Link to this page: https://www.socialistparty.org.uk/issue/835/19763
Ireland: establishment attacks anti-water charges protests
But movement stronger than ever
Socialist Party (CWI Ireland)
On 14 November, an anti-water charges protest took place in Jobstown, Tallaght against Labour Tánaiste (Irish deputy prime minister) Joan Burton. Protesters, including Socialist Party member and Anti-Austerity Alliance (AAA) TD (member of parliament) Paul Murphy, blocked Burton's car for two and a half hours. During the protest the police tried to violently drag protesters away, targeting Paul Murphy in particular.
Following this the entire media, government and establishment went into overdrive. They cast the community, AAA, the Socialist Party, and Paul Murphy, as being a violent, anti-democratic mob.
This was a spontaneous mobilisation of hundreds of people in the community. When word spread that Joan Burton was in the area, it was inevitable that the raw anger and disgust people feel, particularly at Labour's sell-out, was going to be expressed.
The events are being consciously exaggerated. The Taoiseach (prime minister) Enda Kenny ridiculously said that in effect that Joan Burton had been kidnapped.
Paul Murphy has been accused of multiple crimes including, disgracefully, incitement to hatred and leading a mob.

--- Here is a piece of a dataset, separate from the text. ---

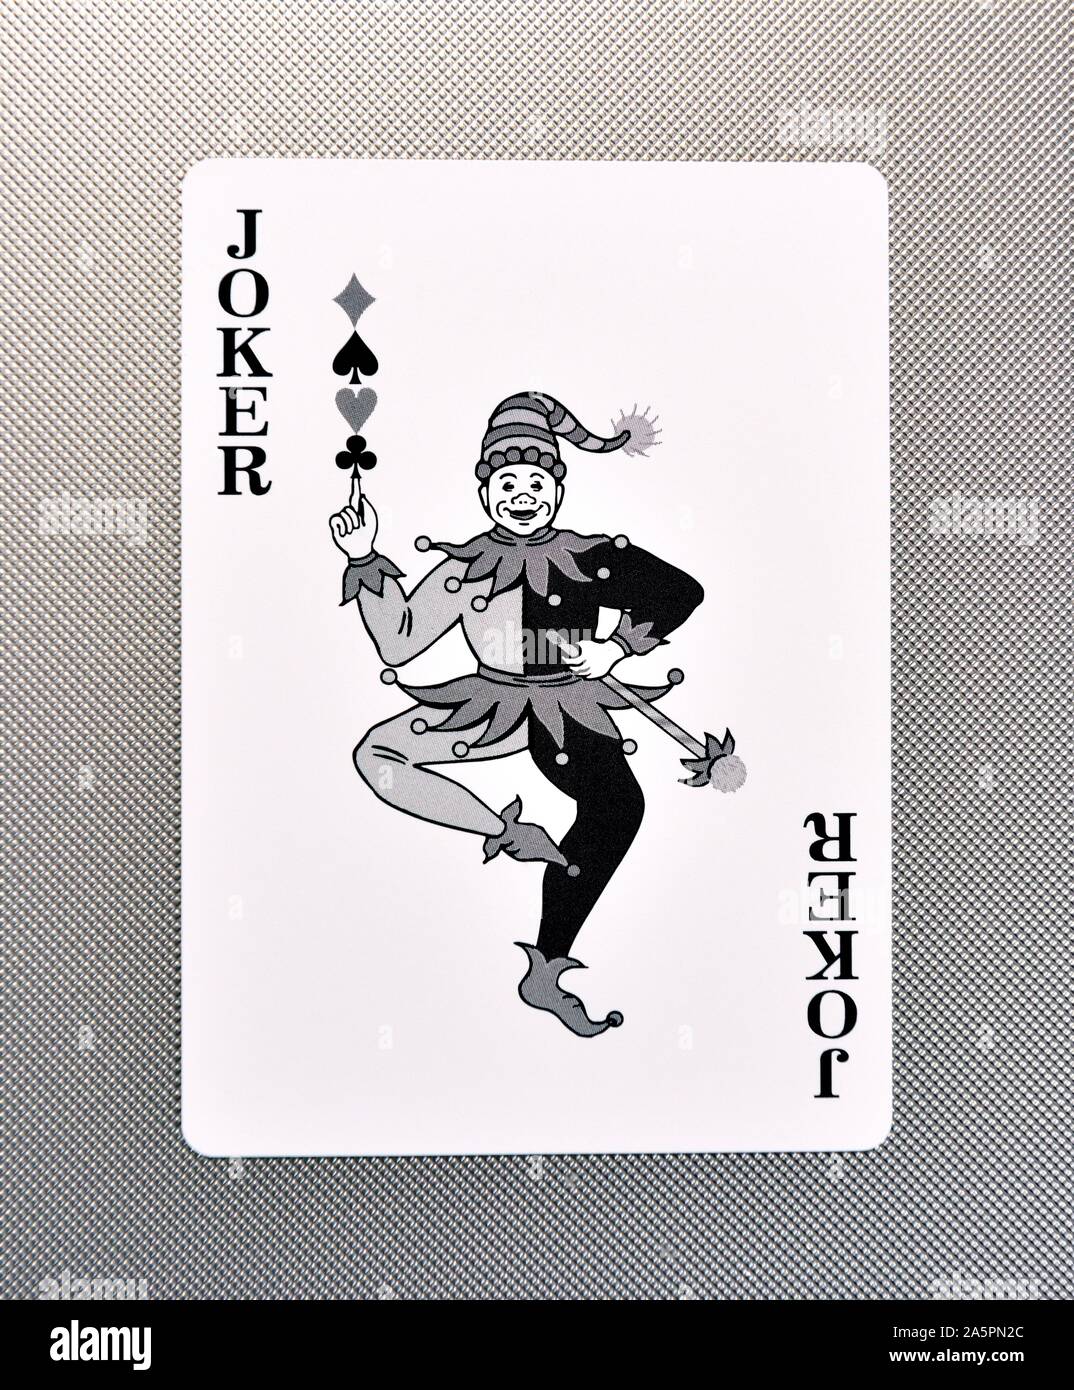 Joker Card,playing card Stock Photo

The reality is that Paul was one of the victims of a very heavy-handed approach by the police. There is video evidence that their actions caused him to be choked and to end up bare chested after his clothes were dragged off him.
The coverage of this protest and in particular the demonisation of Paul Murphy, the Socialist Party and AAA, has dominated the news since. We and the community of Jobstown have nothing to apologise for. It is not the working class fighting back that is the threat to democracy, but politicians and parties that break their promises when in power. If they think it's business as usual and that government politicians will be welcomed regardless of the policies they are implementing, they are making a bad mistake.
The equating, by a Fine Gael TD in the Dáil (parliament), of the protest in Jobstown and Paul Murphy's role to that of the Islamic State is disgusting. The idea has also been put that the people of Jobstown, the Socialist Party and other activists are part of a dangerous "sinister fringe".
But these attempts are failing. An online poll found 49% disagreed with the protest, 45% agreed and the rest didn't know.
Paul Murphy's strong defence of the community of Jobstown in the media, powerfully backed up by Socialist Party TDs Ruth Coppinger and Joe Higgins, has had an important impact in exposing the distortions. Paul has been warmly welcomed at meetings since the protest, including receiving spontaneous applause when entering the room.
Neither has the government had success with their attempt to make the water charges acceptable. They have made major cuts to the bills, delayed the start date, suspended metered bills, and are giving €100 back to people if they register with Irish Water.
But it is widely understood that the lower charge would be increased once accepted and so the campaign to completely scrap the charges must continue. Recent polls show anywhere from 60% to 82% planning not to pay.
There is a significant prospect that the water charges will be an intractable crisis for this government, and could even lead to its collapse. The activists who have emerged in this new sweeping movement should consider what they can do to ensure that people are given a real choice in the election, whenever it may be. We need a fighting, working class and genuinely left alternative.
If a slate or umbrella stood on the programme below, it could achieve a huge breakthrough:
- Mass non-payment of water charges
- Scrap the water charges and all the new taxes and charges
- No support for coalition government with the parties of the capitalist establishment
- For a government that breaks with austerity and capitalism - put the key economic resources under democratic public ownership to ensure people come before profit
On this basis a strong and principled working class left could emerge out of the next general election, not just as a force in the Dáil but as a real force in the communities and the workplaces. The political situation in the country could be completely changed. Such a force could put a real fight for genuine democratic socialist change on the agenda.